Wherever a picture sits, omit it. Output the rest of the listing exactly.

**SOURCE DATA:**
+++
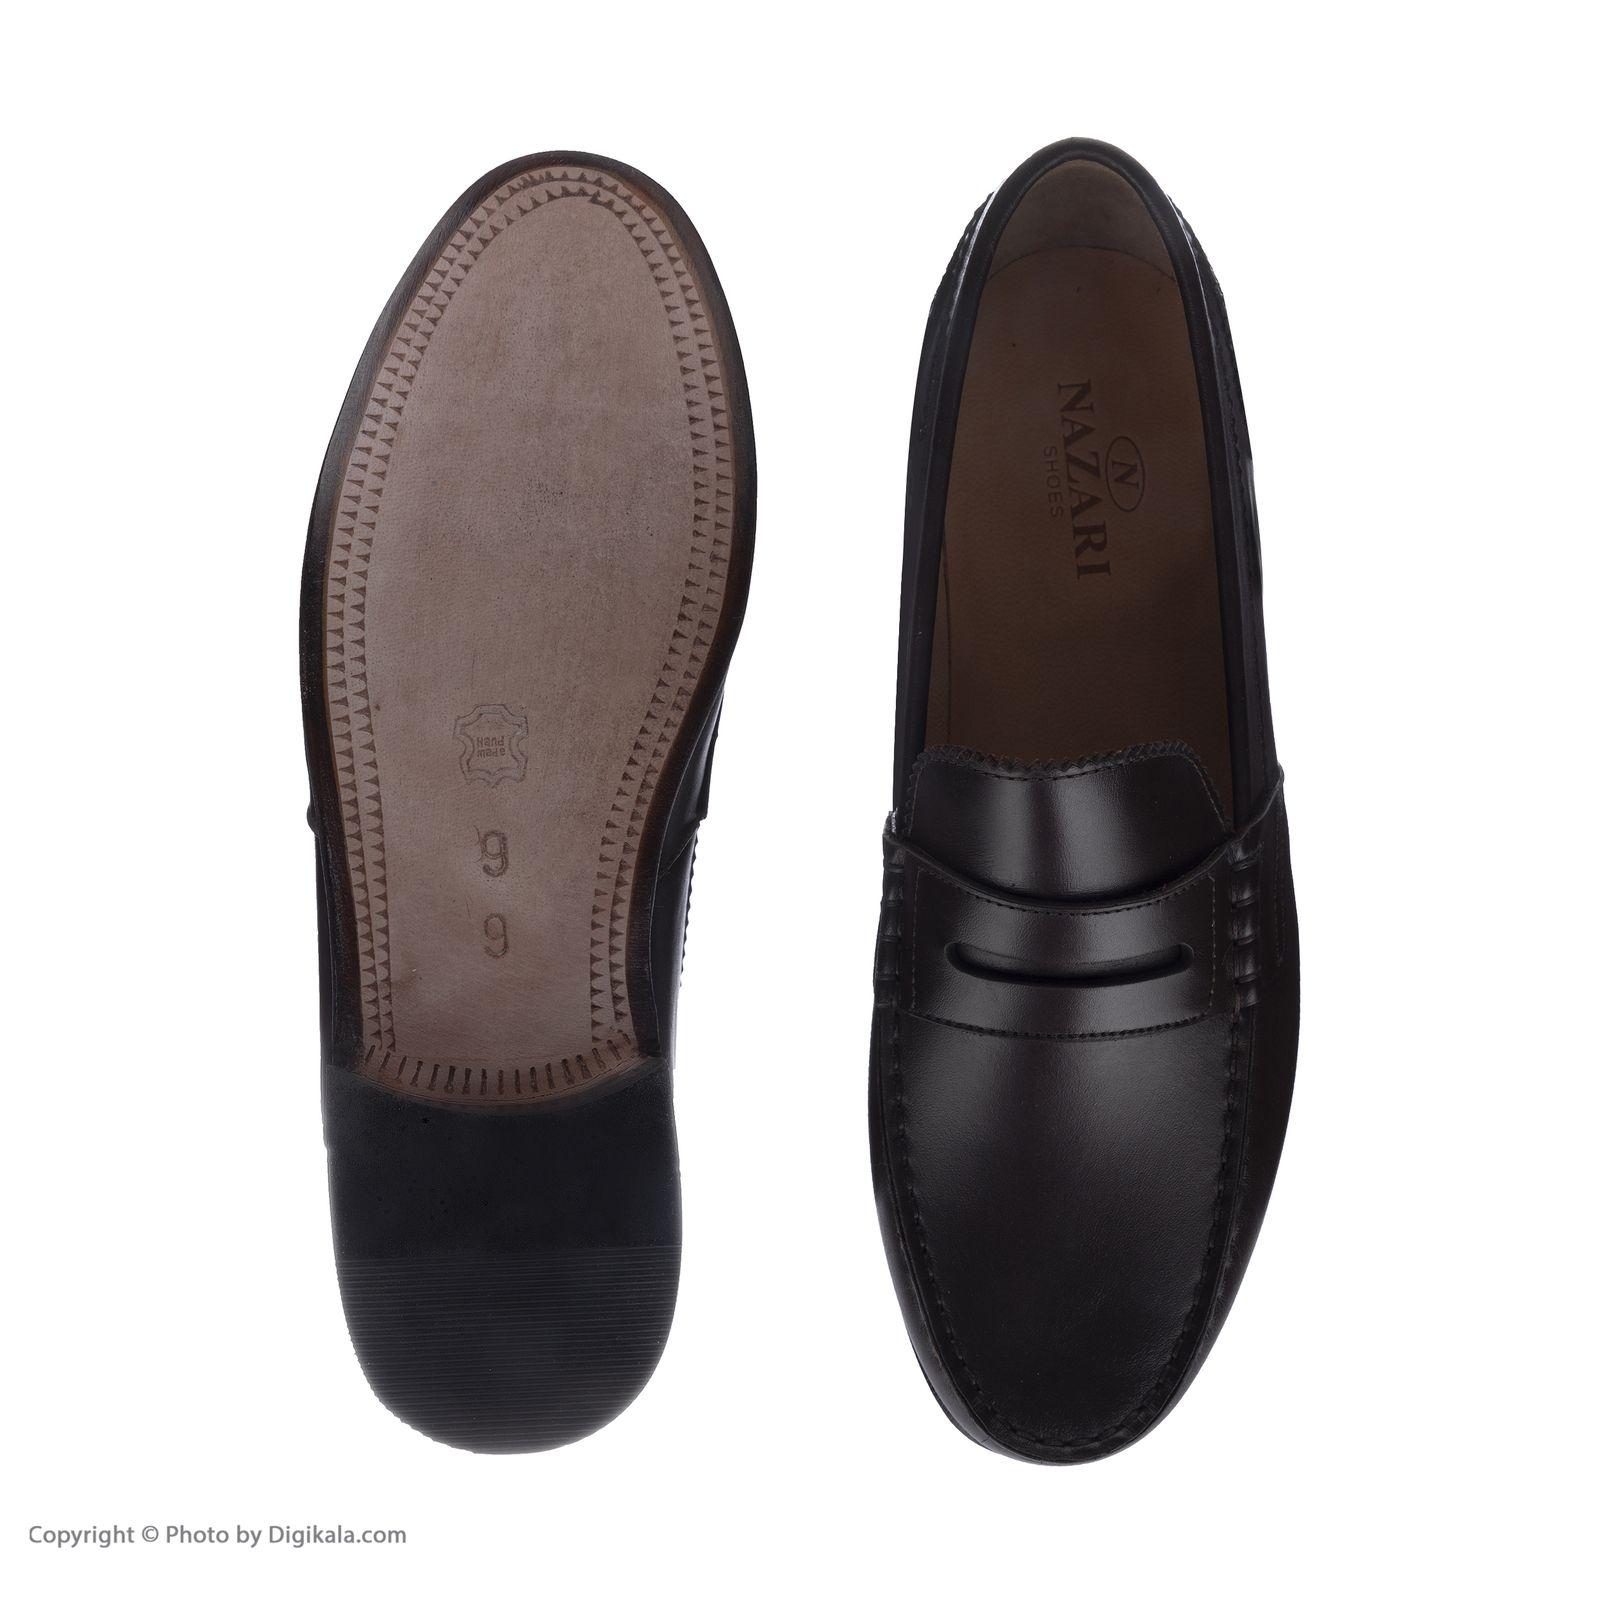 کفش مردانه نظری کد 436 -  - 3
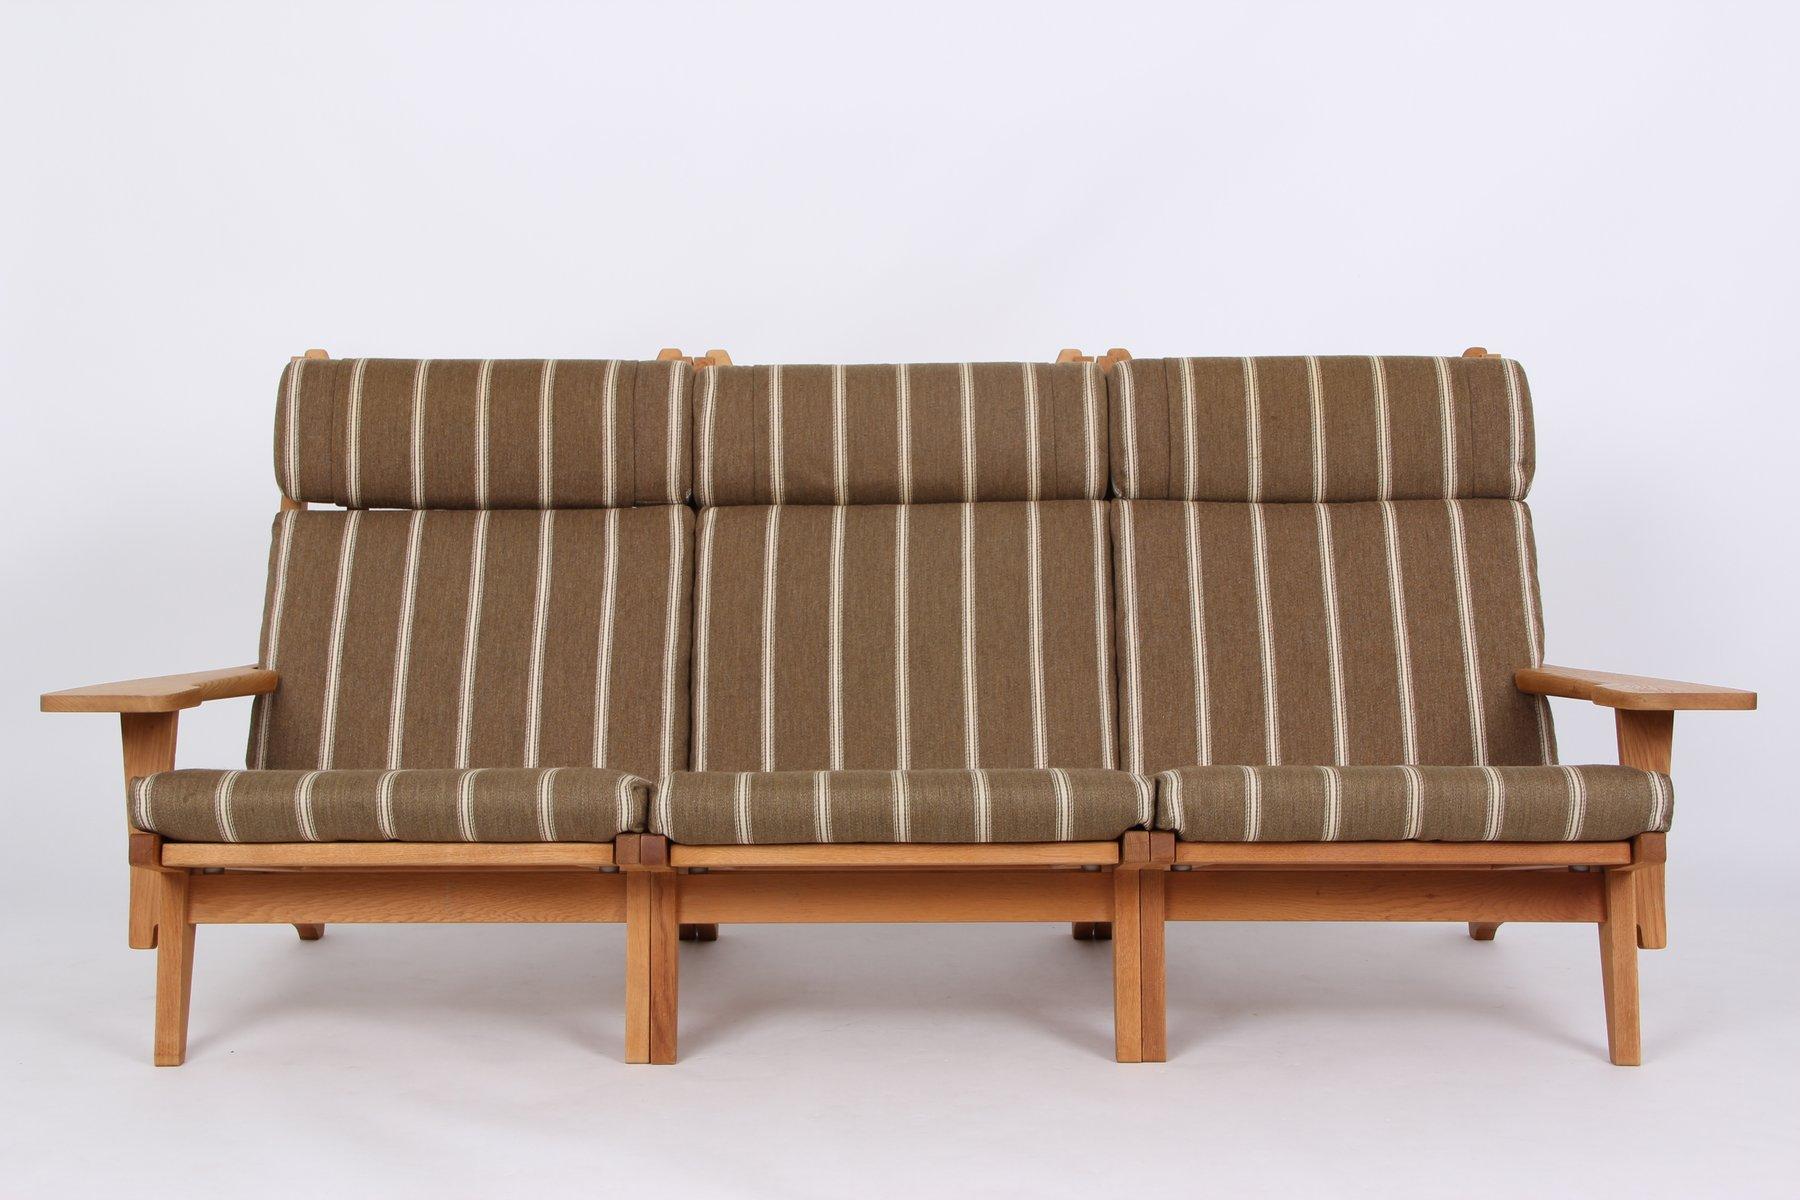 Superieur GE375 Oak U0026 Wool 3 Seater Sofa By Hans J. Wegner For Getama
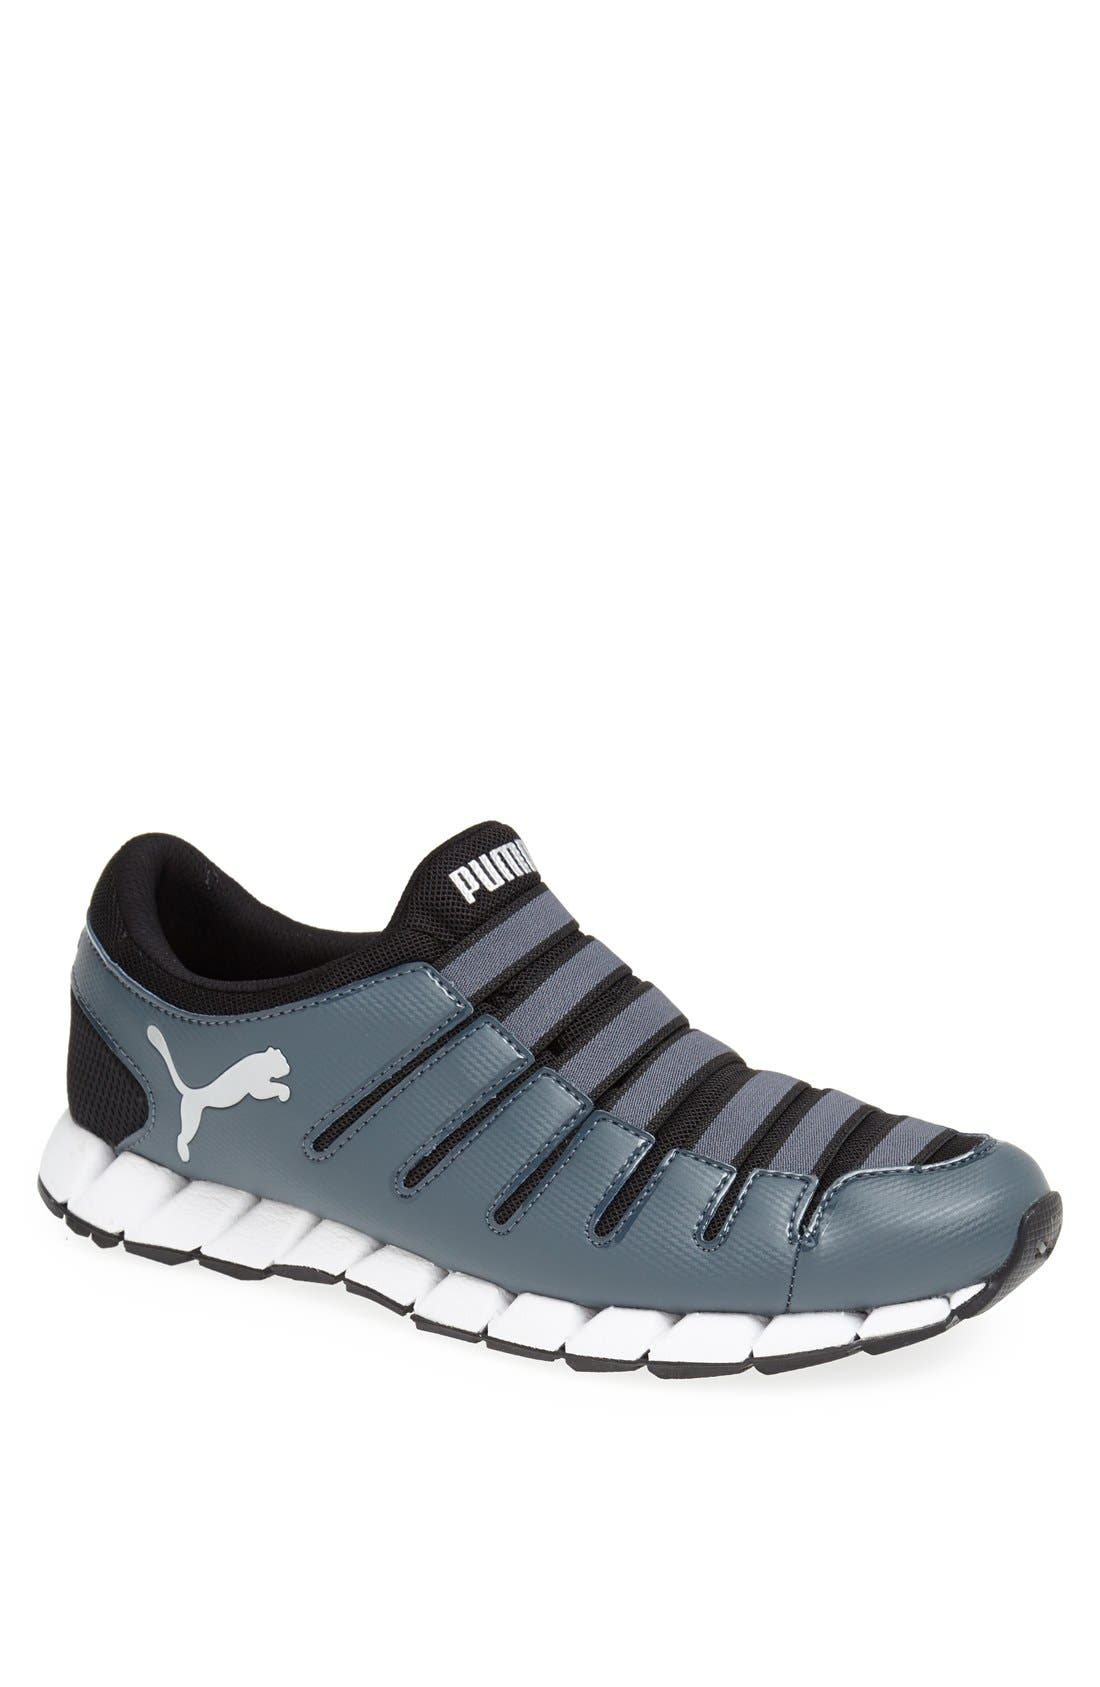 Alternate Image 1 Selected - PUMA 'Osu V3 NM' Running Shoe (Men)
+++
**ANSWER AREA:**
 کفش مردانه نظری کد 436 -  - 3
 Superieur GE375 Oak U0026 Wool 3 Seater Sofa By Hans J. Wegner For Getama
 Alternate Image 1 Selected - PUMA 'Osu V3 NM' Running Shoe (Men)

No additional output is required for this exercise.